One of the first cases in Canada to deal with a SLAPP was Fraser v. Saanich (see [1999] B.C.J. No. 3100 (B.C. S.C.)) (QL), where the British Columbia Supreme Court struck out the claim of a hospital director against the District of Saanich, holding that it was a meritless action designed to silence or intimidate the residents who were opposed to the plaintiff’s plan to redevelop the hospital facilities.

Following the decision in Fraser v. Saanich, the Protection of Public Participation Act came into effect in British Columbia in April, 2001. It was repealed in August, 2001.

The first case to discuss and apply the PPPA was Home Equity Development v. Crow, (see [2002] B.C.J. No. 1805 (B.C. S.C.)) (QL). The defendants application to dismiss the action against them was dismissed. The defendants failed to meet the burden of proof required by the PPPA, that the plaintiffs had no reasonable prospect of success. Many felt that the plaintiffs did not bring their action for an improper purpose, and the suit did not inhibit the defendants in their public criticism of the particular project.

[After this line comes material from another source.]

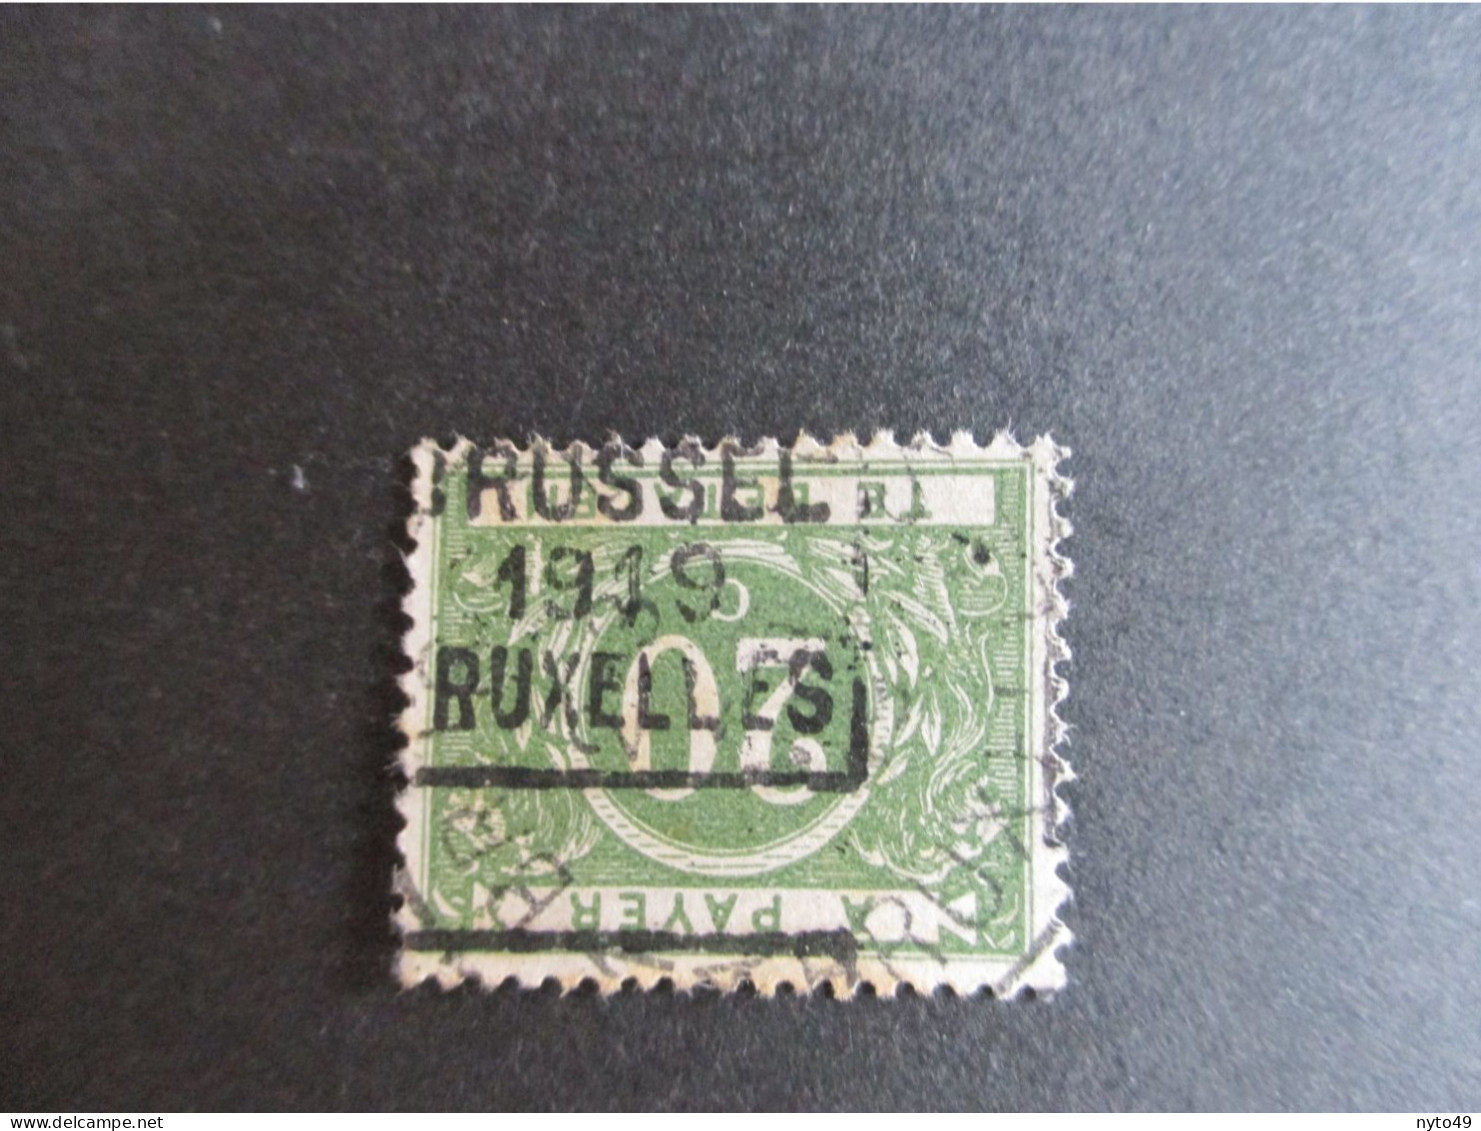 TX14A - Gestempeld Bruxelles 1919 - OCB € 50 - Stamps
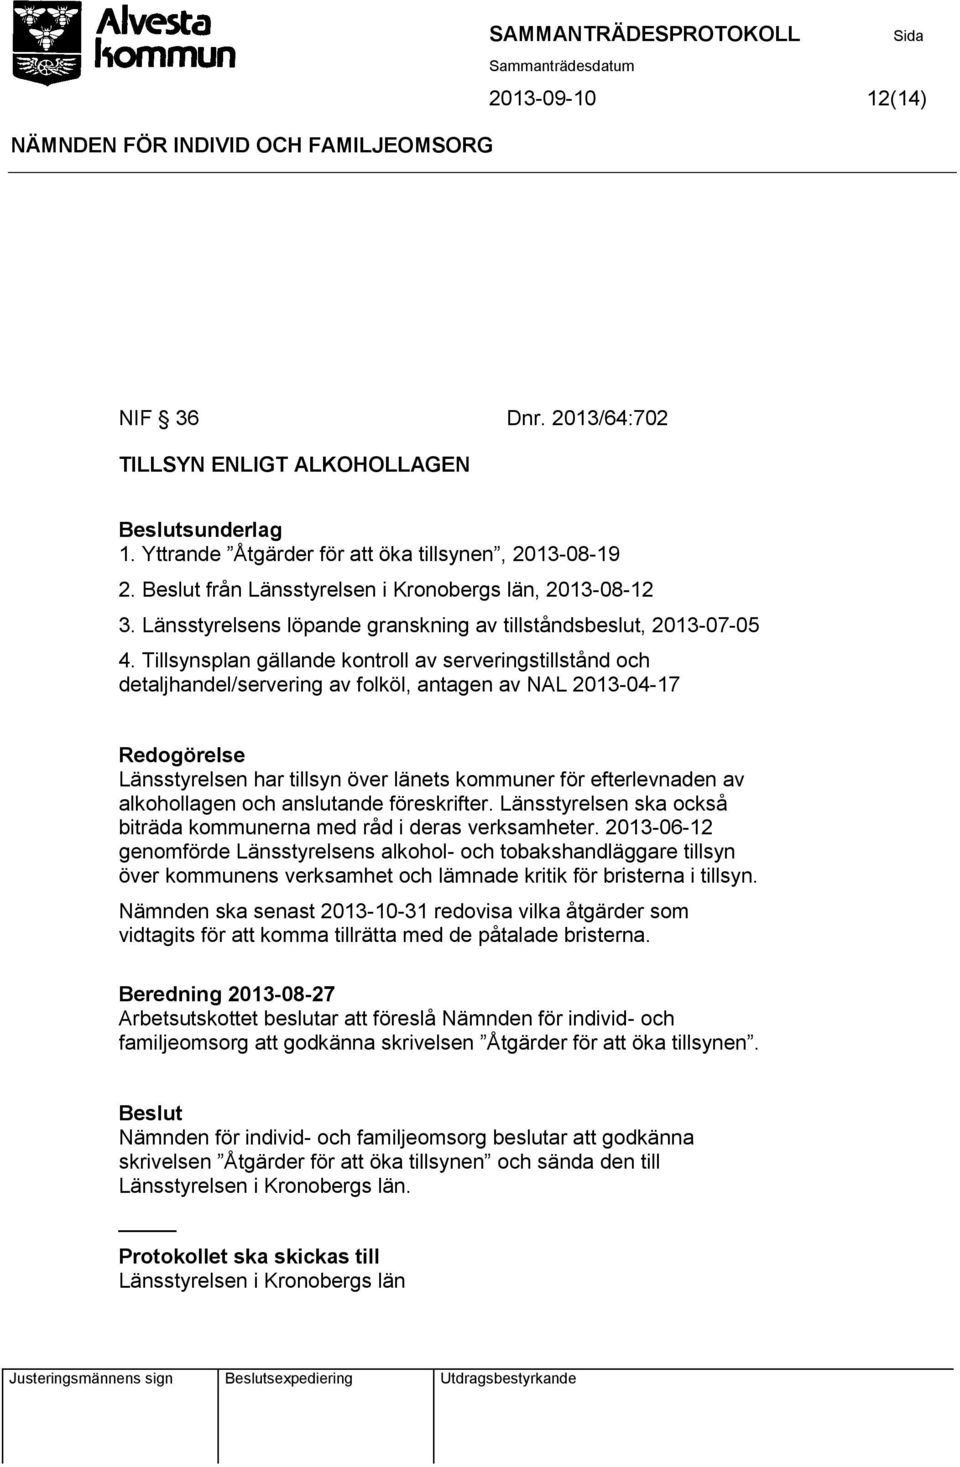 Tillsynsplan gällande kontroll av serveringstillstånd och detaljhandel/servering av folköl, antagen av NAL 2013-04-17 Länsstyrelsen har tillsyn över länets kommuner för efterlevnaden av alkohollagen

In Ontario, the decision in Daishowa v. Friends of the Lubicon (see [1996] O.J. No. 3855 Ont. Ct. Gen. Div.)) (QL) was also instructive on SLAPP’s. A motion brought by the corporate plaintiff Daishowa to impose conditions on the defendant Friends of the Lubicon Indian Band that they would not represent Daishowa’s action as a SLAPP was dismissed.

Some political libel and forum shopping incidents, both common in Canada, have been called SLAPP suits, because such suits load defendants with costs of responding in unfamiliar jurisdictions or at times (typically elections) when they're extremely busy and short of funds. Both types of suits are almost unique to Canada, so there is little concern nor examination of whether political subject matter or remote forums are a clear indicator of SLAPP.

[edit] Europe

In February 2005 the European Court of Human Rights found that Helen Steel and David Morris did not receive a fair trial while defending a libel action brought by McDonald's in the United Kingdom. In what became known as the McLibel case, the two had been found guilty in 1994 of libelling the company in a leaflet. The court ruled that, because legal aid is not available to libel defendants, their right to freedom of expression under the European Convention on Human Rights had been violated. They were awarded £24,000 damages, plus costs.

[edit] New Zealand

Other examples include:

[edit] South Africa

Anglo Platinum, the world's largest platinum miner and a subsidiary of Anglo American PLC, the world's second largest mining corporation, filed SLAPPs against a South African public interest lawyer Richard Spoor, who represented indigenous communities affected by platinum mining on tribal land. The actions include an application in the High Court for a so-called gagging order, ostensibly to prevent him further injuring the good name and reputation of the corporation, the lodging of complaints with the Law Society of unprofessional behaviour and the lodging of a civil action for damages for some $500,000.00. AngloPlatinum also obtained an ex parte (without notice) order interdicting two tribal chiefs from interfering with their mining operations and had them arrested on charges of intimidation and trespass. Subsequently, followers of the two tribal chiefs were shot, beaten and arrested for protesting the mine's presence on tribal land.[citation needed]

[edit] United States

[edit] California

The U.S. state of California enacted Code of Civil Procedure § 425.16 in 1992, a statute intended to prevent the misuse of litigation in SLAPP suits. It provides for a special motion which a defendant can file at the outset of a lawsuit to strike a complaint where the complaint arises from conduct that falls within the rights of petition or free speech. The statute expressly applies to any writing or speech made in connection with an issue under consideration or review by a legislative, executive, or judicial proceeding, or any other official proceeding authorized by law, but there is no requirement that the writing or speech be promulgated directly to the official body. It also applies to speech in a public forum about an issue of public interest and to any other petition or speech conduct about an issue of public interest.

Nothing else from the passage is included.